Alfresco receives the document, then the document can be read by the user by using the share interface but the metadata doesn't show up when the user performs a search (by using the share interface).

Surprisingly, if the user downloads the same pdf file to the workstation (with share interface) and then uploads  the same file (with share interface), the metadata shows up during search.

Thank you for your help.

Best regards.

Thank you all for your time.

I'd like to close this issue because of this:

CIFS doesn't work as I would like and I found that it will be removed:
https://hub.alfresco.com/t5/alfresco-content-services-blog/architecture-changes-for-alfresco-content...
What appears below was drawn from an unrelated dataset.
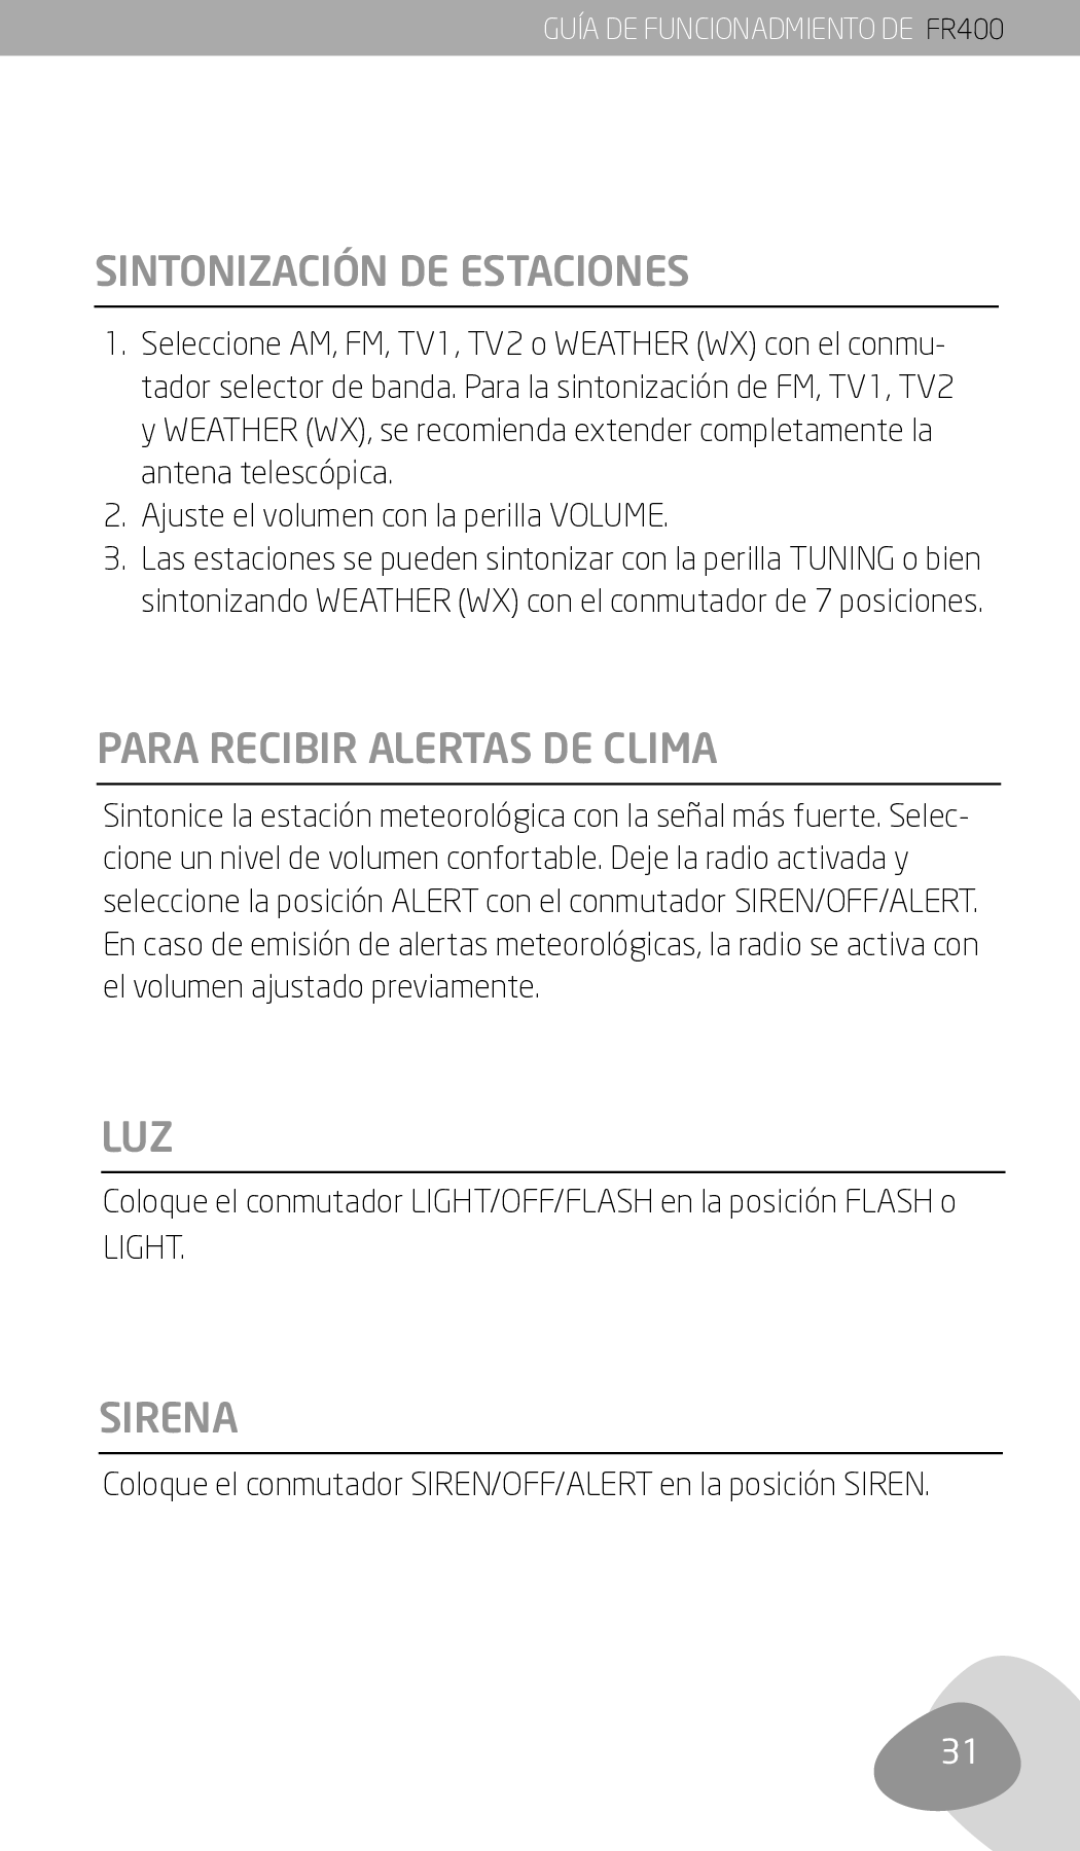 Eton FR400 owner manual Sintonización DE Estaciones, Para Recibir Alertas DE Clima, Luz, Sirena

I just switched to Alfresco 6.1 by using this https://github.com/Alfresco/alfresco-docker-installer

Then I configured the good old FTP interface. FTP just works like a charm, I just added this in JAVA_OPTS of docker-compose.yml:
-Dftp.enabled=true
-Dftp.port=2121

added port to alfresco service:

  • 21:2121 #ftp

edited alfresco/Dockerfile and added this line at the bottom:
EXPOSE 2121

I ahd to use ACTIVE communication mode in the client in order to connect to Alfresco.

The files received by Alfresco are readable AND metadat is searchable with the share interface. All right.